Convergence here is very sensitive to the initial guess. We add a cap on the number of iterations allowed prevent this from being an infinite loop if we can’t converge.

def fit(aguess, x, y, yerr, tol=1.e-5):
    """ aguess is the initial guess to our fit parameters.  x and y
        are the vector of points that we are fitting to, and yerr are
        the errors in y"""
    
    avec = aguess.copy()

    max_steps = 100
    err = 1.e100
    n = 0
    while err > tol and n < max_steps:

        # get the jacobian
        J = jac(x, y, yerr, avec)

        print("condition number of J: ", np.linalg.cond(J))

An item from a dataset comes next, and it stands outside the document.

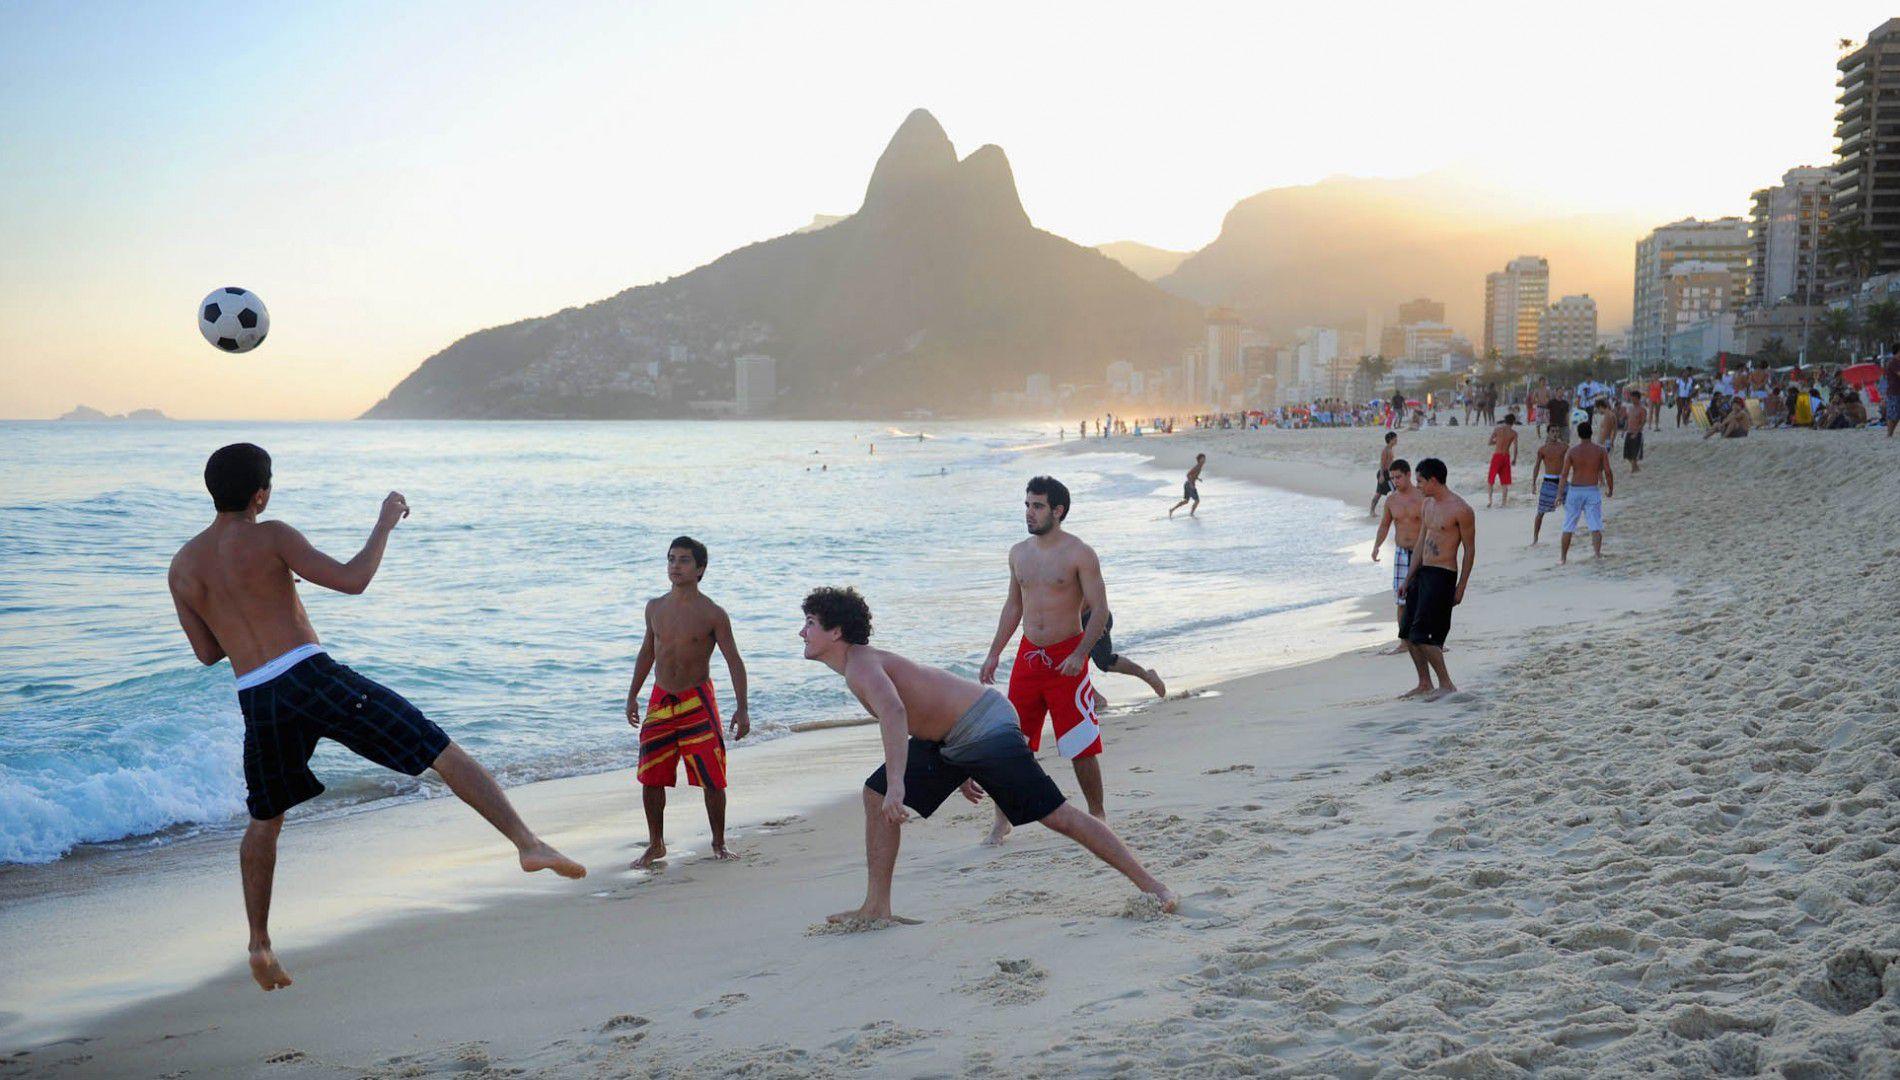 Ipanema-beach-Brazil-119997272-1900x1080_c

        # get the current function values
        gv = g(x, y, yerr, avec)

        # solve for the correction: J da = -g
        da = np.linalg.solve(J, -gv)

        avec += da
        err = np.max(np.abs(da/avec))
        n += 1
    return avec
# initial guesses
aguess = np.array([2.0, 1.0])

# fit
afit = fit(aguess, x, y, yerr)
condition number of J:  144.0241373151385
condition number of J:  177.8857988310013
condition number of J:  273.6451353079658
condition number of J:  693.5099706510061
condition number of J:  5258.012263647986
condition number of J:  191065.26798224734
condition number of J:  1316.660718789549
condition number of J:  12805.569520854775
condition number of J:  351344.06436751364
condition number of J:  198748.6439529274
condition number of J:  244253.01561218227
condition number of J:  247584.57119320802
condition number of J:  247772.1501908131
afit
array([2.806277  , 0.63576395])
ax.plot(x, afit[0] * np.exp(afit[1] *x))
fig
../_images/1bece18c2520b51fd0db32cf1007383247403796f71bfe2f8be5c61bcea40cc0.png

Is it a minimum?#

We just found an extrema. Let’s plot the surface around our fit parameters to see if it looks like a minimum

npts = 100
a0v = np.linspace(0.5 * afit[0], 2.0 * afit[0], npts)
a1v = np.linspace(0.5 * afit[1], 2.0 * afit[1], npts)
def chisq(a0, a1, x, y, yerr):
    return np.sum((y - a0 * np.exp(a1 * x))**2 / yerr**2)
chisq(afit[0], afit[1], x, y, yerr)
np.float64(21.976089211391688)
c2 = np.zeros((npts, npts), dtype=np.float64)
for i, a0 in enumerate(a0v):
    for j, a1 in enumerate(a1v):
        c2[i, j] = chisq(a0, a1, x, y, yerr)

Now we’ll plot the (log of) the \(\chi^2\)

fig, ax = plt.subplots()

# we need to transpose to put a0 on the horizontal
# we use origin = lower to have the origin at the lower left
im = ax.imshow(np.log10(c2).T,
               origin="lower",
               extent=[a0v[0], a0v[-1], a1v[0], a1v[-1]])
fig.colorbar(im, ax=ax, orientation="horizontal")
ax.scatter([afit[0]], [afit[1]], color="r", marker="x")
ax.set_xlabel("$a_0$")
ax.set_ylabel("$a_1$")
Text(0, 0.5, '$a_1$')
../_images/e552acdcf3f4f2414f388270070a6a776908bcc2c7d880799f1537ed6b4ad970.png

It looks like there is a very broad minimum there.

Troubles#

Consider if we tried to add another parameter, fitting to:

\[y = a_0 e^{a_1 x + a_2}\]

here \(a_2\) enters the same way as \(a_0\), which would give a singular matrix, and make our solution unstable.